Another point is that the extraction of regular expressions is certainly not the mainstream extraction method, if you need to collect other sites, you need to change the regular expression, this is a more troublesome thing.
After the extraction, we can see that the body part will always be mixed with irrelevant information, such as "<script>...</script>" "<p></p>" and so on. So I'm going to slice the body again through regular expressions.
Copy the code code as follows:


def func (str): #谁起的这个名字
STRs = Re.split ("<style>.*?</style>|<script.*?>.*?</script>|&#[0-9]+;|<!--

if! IE

>.+?<!

endif

-->|<.*?> ", str) #各种匹配, via" | " Separated
Ans = "
#将切分的结果组合起来
For each in STRs:
Ans + = each
return ans
In this way the text above the page can be extracted basically.
The whole collection is over.

Source: http://www.m4493.com

Python Collection Example 2

Related Article

Contact Us

The content source of this page is from Internet, which doesn't represent Alibaba Cloud's opinion; products and services mentioned on that page don't have any relationship with Alibaba Cloud. If the content of the page makes you feel confusing, please write us an email, we will handle the problem within 5 days after receiving your email.

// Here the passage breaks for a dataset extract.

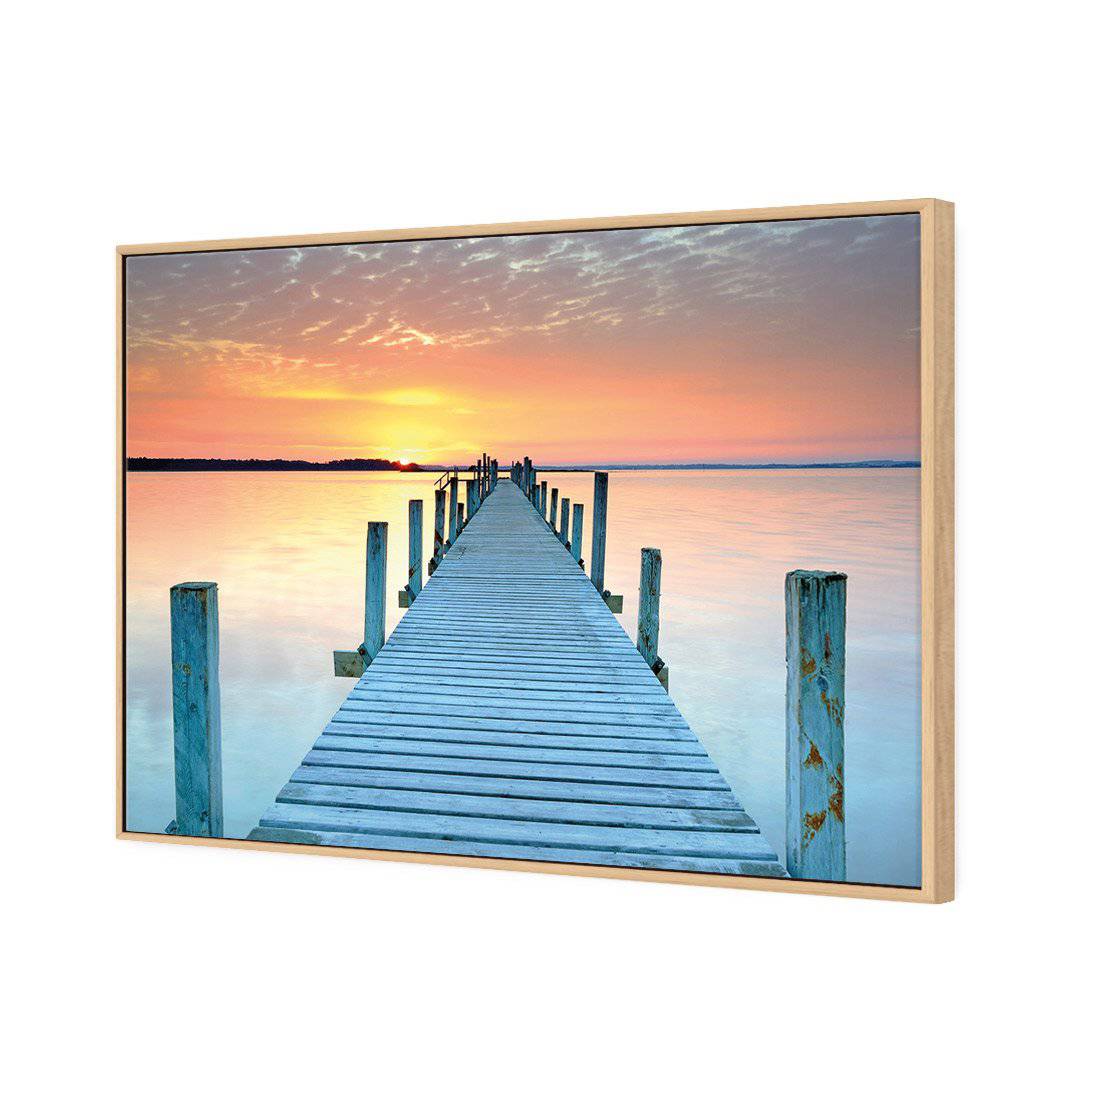 Sunset Pier Canvas Art-Canvas-Wall Art Designs-45x30cm-Canvas - Oak Frame-Wall Art Designs

If you find any instances of plagiarism from the community, please send an email to: info-contact@alibabacloud.com and provide relevant evidence. A staff member will contact you within 5 working days.

A Free Trial That Lets You Build Big!

Start building with 50+ products and up to 12 months usage for Elastic Compute Service

  • Sales Support

    1 on 1 presale consultation

  • After-Sales Support

    24/7 Technical Support 6 Free Tickets per Quarter Faster Response

  • Alibaba Cloud offers highly flexible support services tailored to meet your exact needs.